過去・現在・未来の三世にわたり、東西南北とその間を含めた八方、さらに上方・下方を加えた十方に仏さまはおられる。しかし、それらはみな分身(影)であり、すべての仏さまは永遠の寿命を保つ「久遠釈尊」という仏さま、すなわち尊きお師匠さまに統一されるのだ。
そして、お師匠さまが分身仏として登場された時には、必ず「三世諸仏説法の儀式」という約束事を踏んで人々を導かれる。初めは正しい教えを信じる心を整えるための教えを説かれ、永い年月を経てから「無量義」=数限りない生き方や考え方について説かれ、さらにそれら無量義の出所は一つであると。

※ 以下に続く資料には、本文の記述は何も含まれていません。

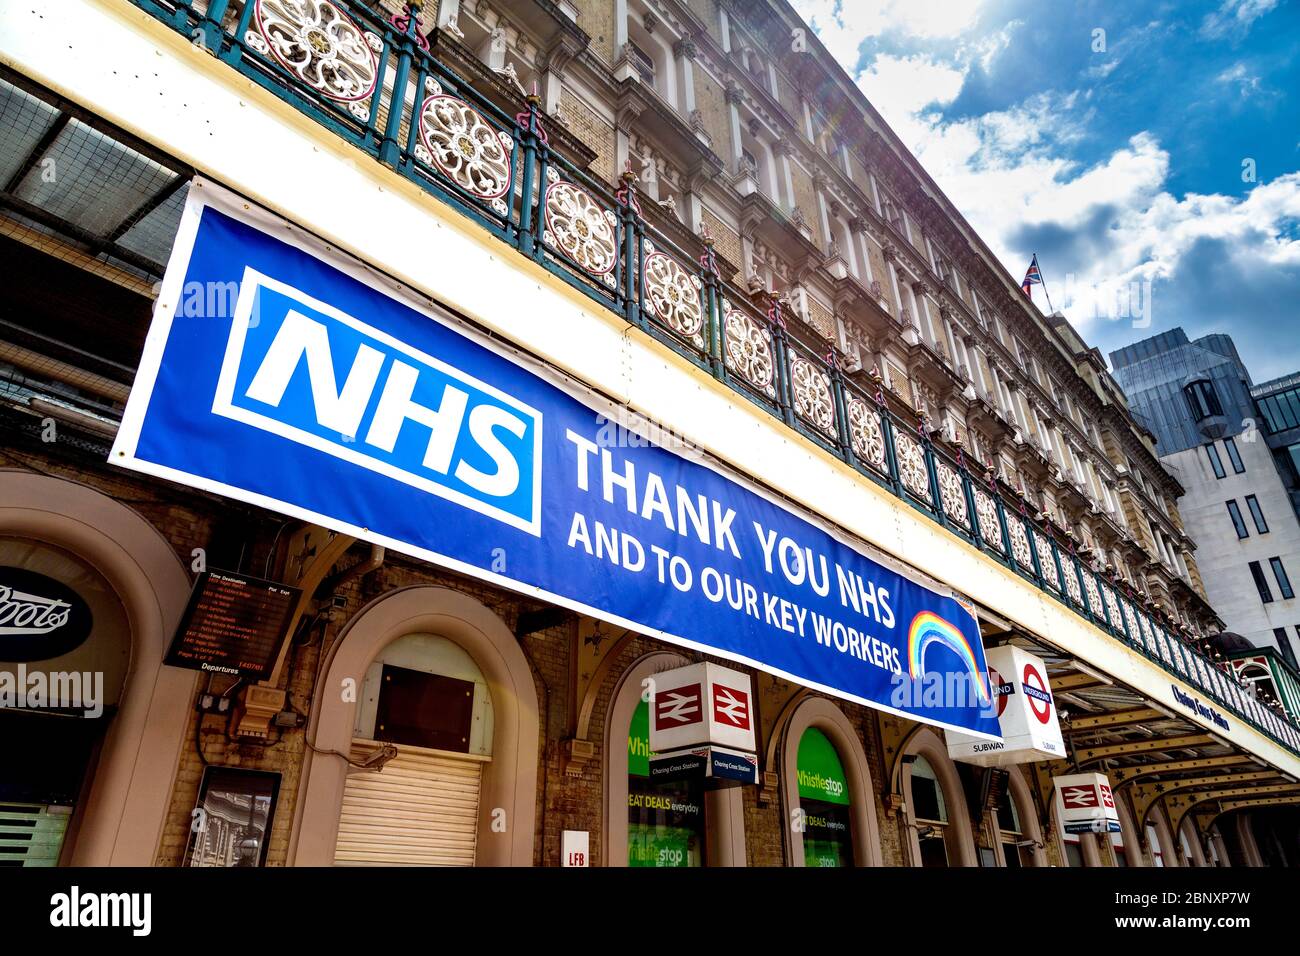 16 May 2020 London, UK - Thank you message banner to NHS nurses, doctors and key workers on the facade of Charing Cross Station during the Coronavirus pandemic lockdown Stock Photo

そして最後に、すべての生命体を救いとる統一の教え「一乗」を明かし、唯一の正しい生き方と考え方を説かれる。
能力の調整、無量義、一乗。この順番こそが「儀式」であり、一乗=法華経をお説きになられた後、尊きお師匠さまは肉体としての寿命が尽き、お姿を隠される。この「入涅槃」をもって、説法の儀式は終わりを迎えるのだ。私がお仕えしていた三千年前のインドでも、やはりお師匠さまは法華経を閉じるためのお経『観普賢菩薩行法経』で「あと三ヶ月で涅槃に入るであろう」と宣言された。
私の名は阿難(あなん)。心からお師匠さまを慕う者にとって、もちろんずっとお師匠さまの織りなす光と風の世界を旅してきた私も、お師匠さまの寿命は永遠で、いつもそばにいて下さっていることを理解している。

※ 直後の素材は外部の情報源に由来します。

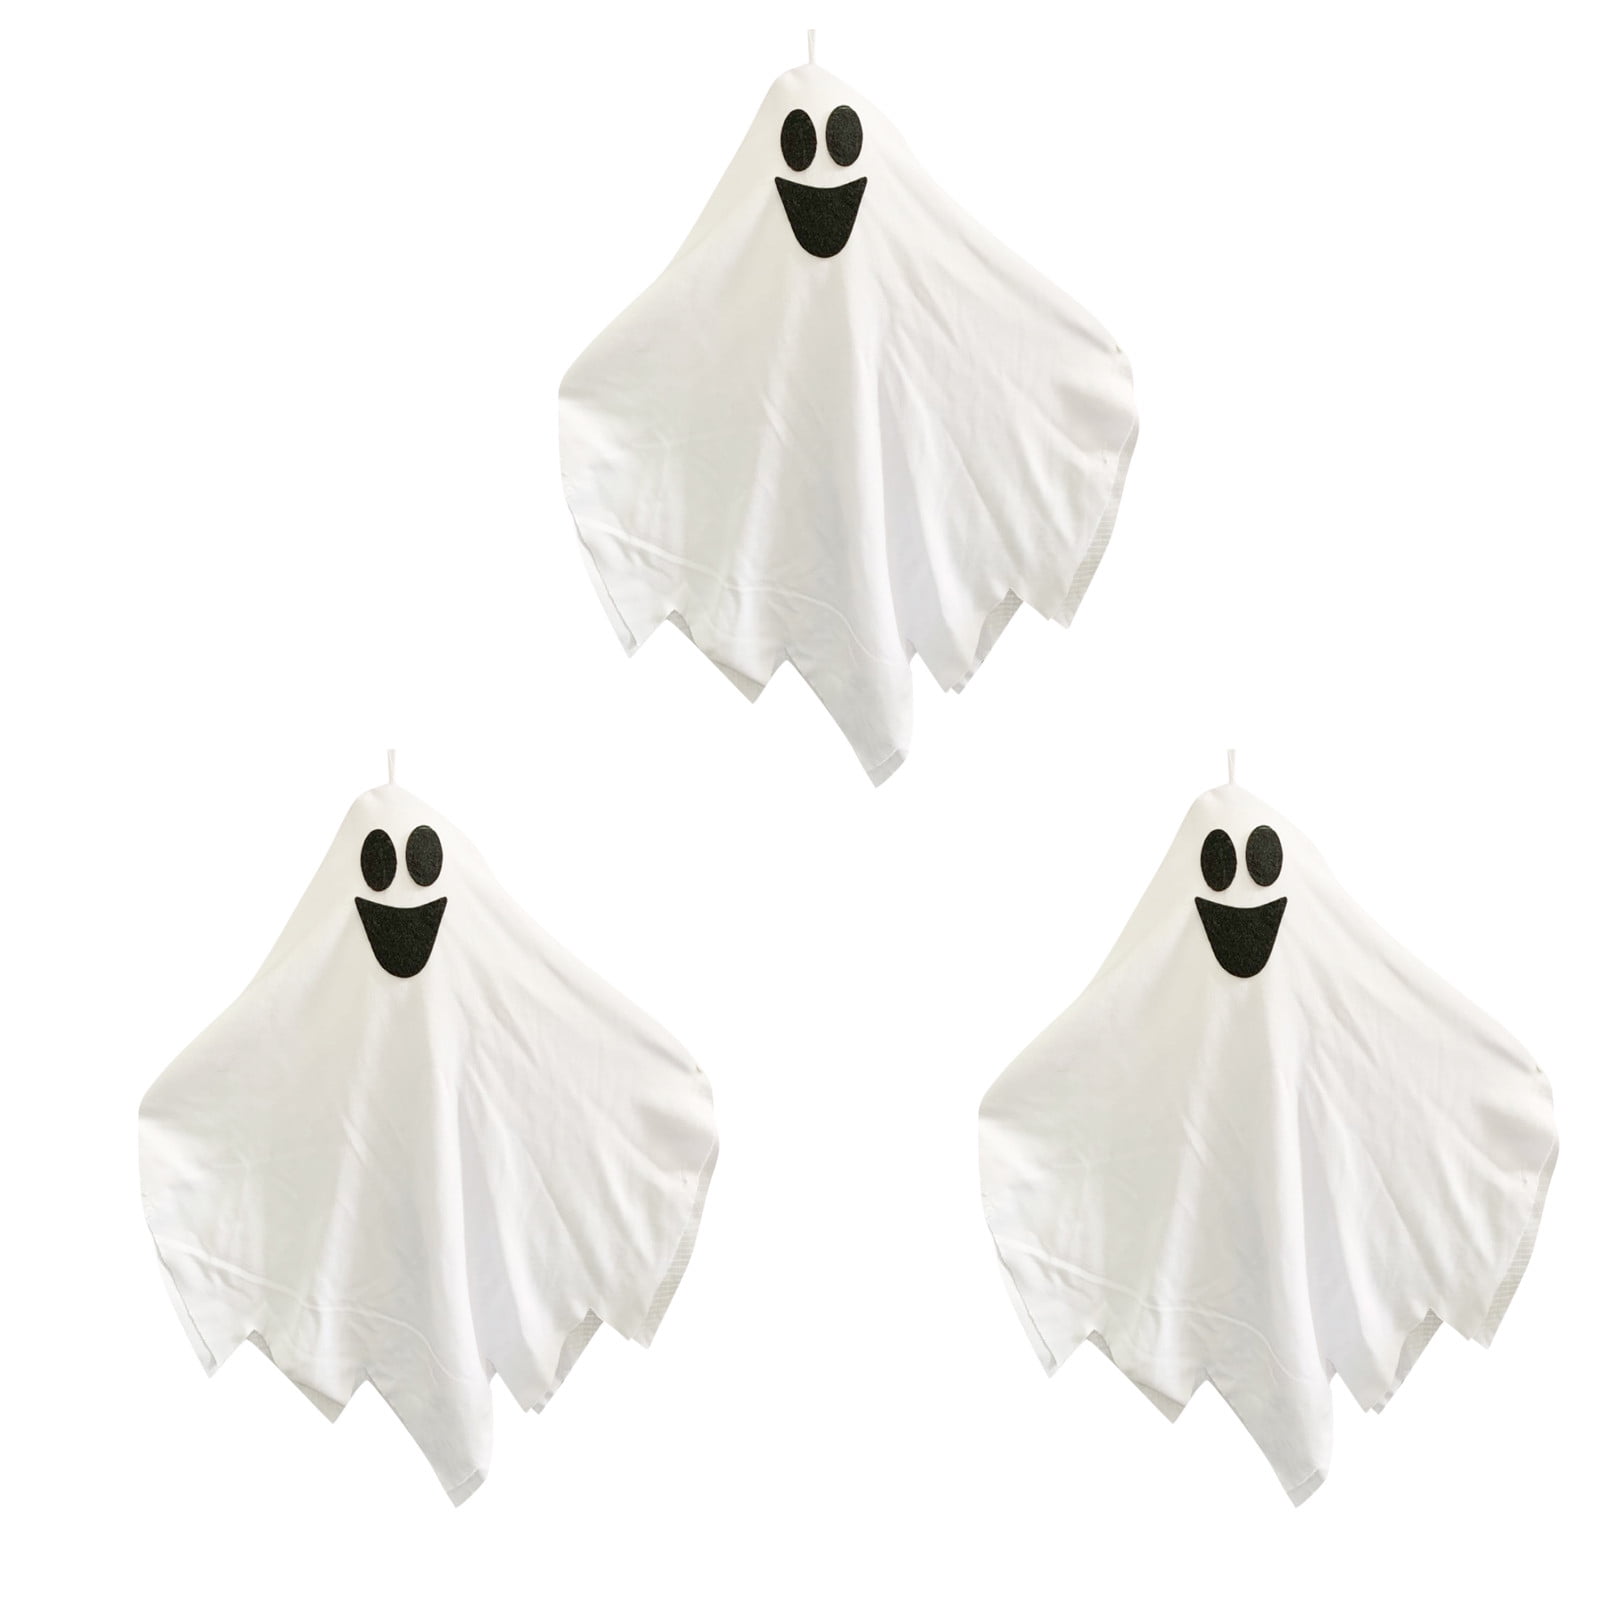 Details about   Halloween Hanging Ghost  Prop Scary Door Home Decor For Bar Party

しかし、この世の中に変化しないものは何一つ無く、たとえ尊きお師匠さまであっても、肉体がある限り「無常」の哲理から離れることはできない。弟子として、こんなに悲しいことがあるだろうか。いつまでもそばでお仕えしたいのに、あと三ヶ月でお師匠さまのお姿を拝することさえできなくなるとは……。

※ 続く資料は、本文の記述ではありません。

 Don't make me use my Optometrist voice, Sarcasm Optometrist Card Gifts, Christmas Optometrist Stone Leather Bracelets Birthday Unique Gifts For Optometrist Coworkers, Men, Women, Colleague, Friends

肉体が滅び行く中、なおもお師匠さまは私たちを慈しみ、このようにお教え下さった。
「眼・耳・鼻・舌・身・意(心)の欲望を清めねばならない。それが、肉体を持ったままでの成仏の条件である」
煩悩を知らずして悟りは解らず、悟るからこそ煩悩の本質が理解できる。これが本当に「清める」ということだろう。悟りを否定した煩悩と、煩悩を否定した悟り。これら両方を否定する法華経の極理を思わずにはいられない。